● WHAT THE EXERCISE ASKS:
From the line that includes "Members of the" to the last line of the data, quote each line precisely; both boundary lines belong in the answer.

● GIVEN ENTRIES:
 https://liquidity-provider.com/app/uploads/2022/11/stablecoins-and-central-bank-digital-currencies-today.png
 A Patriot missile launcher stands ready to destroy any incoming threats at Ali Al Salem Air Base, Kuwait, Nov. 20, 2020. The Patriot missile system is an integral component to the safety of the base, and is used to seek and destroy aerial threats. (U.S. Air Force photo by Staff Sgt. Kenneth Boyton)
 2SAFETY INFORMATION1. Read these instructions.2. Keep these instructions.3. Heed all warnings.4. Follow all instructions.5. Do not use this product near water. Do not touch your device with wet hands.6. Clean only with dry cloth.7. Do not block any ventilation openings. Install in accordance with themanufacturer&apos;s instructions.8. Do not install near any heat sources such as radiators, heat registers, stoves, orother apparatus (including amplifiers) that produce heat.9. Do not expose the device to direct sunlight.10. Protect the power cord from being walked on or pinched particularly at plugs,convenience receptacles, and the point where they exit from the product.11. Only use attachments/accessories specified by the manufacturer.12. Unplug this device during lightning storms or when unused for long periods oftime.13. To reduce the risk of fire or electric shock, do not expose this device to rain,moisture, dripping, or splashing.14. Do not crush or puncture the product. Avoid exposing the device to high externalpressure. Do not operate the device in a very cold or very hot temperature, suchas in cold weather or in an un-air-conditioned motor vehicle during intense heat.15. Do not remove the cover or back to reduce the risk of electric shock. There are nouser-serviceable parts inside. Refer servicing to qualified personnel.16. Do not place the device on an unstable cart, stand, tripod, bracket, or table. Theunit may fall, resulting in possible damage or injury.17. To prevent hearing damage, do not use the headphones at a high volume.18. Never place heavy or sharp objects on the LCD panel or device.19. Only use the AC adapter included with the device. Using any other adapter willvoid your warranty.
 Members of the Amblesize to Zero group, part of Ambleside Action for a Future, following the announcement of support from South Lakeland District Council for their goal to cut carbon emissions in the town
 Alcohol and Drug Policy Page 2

● SOLUTION:
 Members of the Amblesize to Zero group, part of Ambleside Action for a Future, following the announcement of support from South Lakeland District Council for their goal to cut carbon emissions in the town
 Alcohol and Drug Policy Page 2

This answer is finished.